You may want to contact Brooks Davis aka brooks@freebsd.org since he is the maintainer of Clang on FreeBSD and ask him about the current state of 3.5 being ported. I started working on building 3.5 on my laptop when the power brick crapped out on me this morning.


----------



## freethread (Jan 3, 2014)

sossego said:
			
		

> You may want to contact Brooks Davis aka brooks@freebsd.org since he is the maintainer of Clang on FreeBSD and ask him about the current state of 3.5 being ported. I started working on building 3.5 on my laptop when the power brick crapped out on me this morning.



Many thanks for your suggestion, I will contact Mr. Brooks about clang. In the ports tree there are both clang version 3.3 and 3.4.r2, perhaps installing one of them will satisfy my request, but I'd better ask him. Thanks again.


----------



## freethread (Jan 4, 2014)

In the meantime, I'm testing a new solution using Boost.Locale functions to_utf, from_utf and utf_to_utf.

To compile the executable with static libraries (iconv and Boost.*) I recompiled boost without ICU support (defaults to iconv), With ICU I was not able to compile a monolithic executable. Boost libraries are compiled with shared ICU libraries.

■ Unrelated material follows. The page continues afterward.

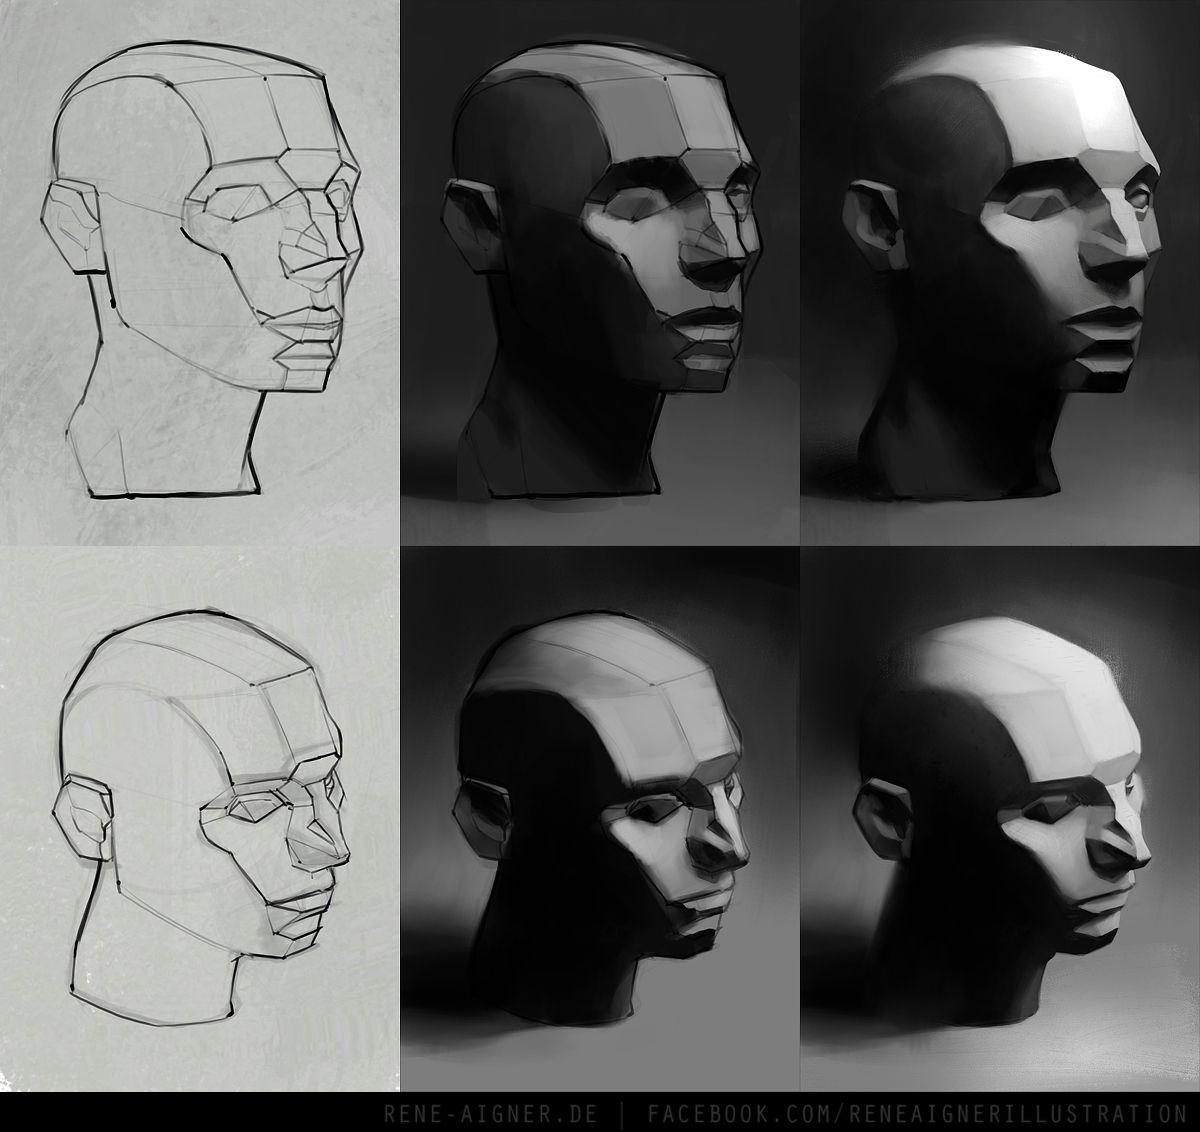 René Aigner's Sketchbook via PinCG.com head - faceted - constructive drawing - volumes

However, I compiled it with system gcc version 4.2, trying to compile with other versions, say 4.8, gave me a glibc++ run-time error, i.e. the executable was not linked against the versioned GCC stdlibc++ (4.8) but against the system one (4.2). I guess I have to disable default system libraries (-nodefaultlibs & Co) and add versioned directory search.


----------